Newsletrix automates all three. We subscribe once, ingest every send, run the 27-field extraction in the background, and refresh the heatmap and scoring without anyone touching a sheet. Compare the workflow against Mailcharts for a side-by-side; the short version is that we score every send, not just index it. The template here is a starting point. Past five brands, the template is a research project, and at some point you have to decide whether competitor analysis is your job or a thing you do while you should be writing your own newsletter. The competitor email analysis post goes deeper on why scoring beats indexing.
Frequently asked questions
What should an email competitor analysis template include?
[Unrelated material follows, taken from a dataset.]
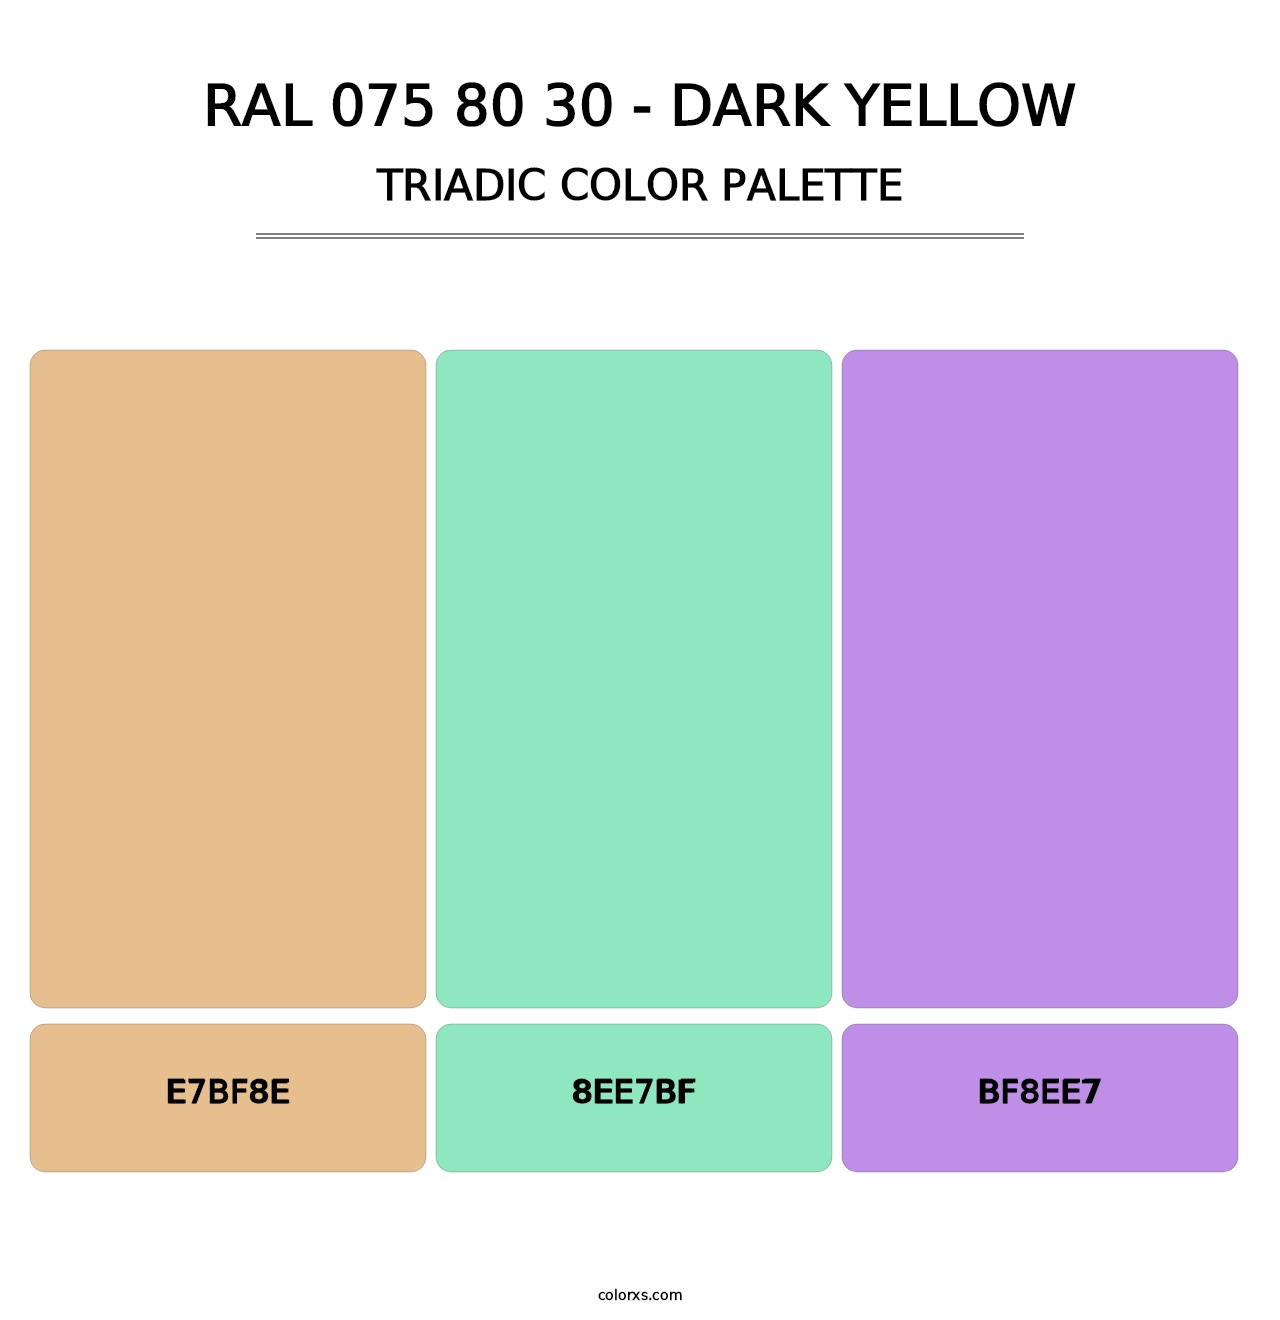 RAL 075 80 30 - Dark Yellow - Triadic Color Palette

Six buckets of fields: identity (brand, ESP, list size, niche), send (hour, day, cadence, frequency drift), content (subject, preheader, hook archetype, sentiment, readability), design (image-to-text ratio, CTA count, dark-mode rendering), deliverability (SPF, DKIM, DMARC, BIMI, footer compliance), and conversion (primary CTA URL, anchor text, secondary CTAs). Skipping deliverability and design is the most common mistake; those two buckets explain why a strong subject line still misses the inbox.
How many competitors should I track?
For manual tracking, three to five direct rivals plus two adjacent brands you respect. Past five, the workflow stops being consistent because you start cutting corners on the slower fields like sentiment and ESP fingerprinting. If you need to monitor twenty or more brands, automate it; the sheet becomes the bottleneck and your judgment goes with it.
How often should I audit competitor newsletters?
A two-week capture every quarter catches strategy shifts without burning out the analyst. The exception is the four weeks after a rival announces a fundraise, a rebrand, or a pricing change, when send patterns and CTAs change fast. Daily monitoring is overkill unless you are running a competing launch in the same week.
Can I analyze competitor emails legally?
Yes, in most jurisdictions. You are subscribing to a public list and reading what arrives in your inbox; that is fair use in the US and the EU for competitive research. The lines you don't cross are reselling the content, scraping subscriber lists, or impersonating customers to access gated material. Standard competitor analysis is fine.
What is the difference between a competitor analysis template and a competitive intelligence tool?
A template is a structure you fill in by hand, one row per send. A tool ingests sends automatically, runs the same 27-field extraction every time, and surfaces patterns across many brands. Templates work well under five brands. Tools pay off past the five-brand wall, or when you need answers in hours instead of weekend mornings.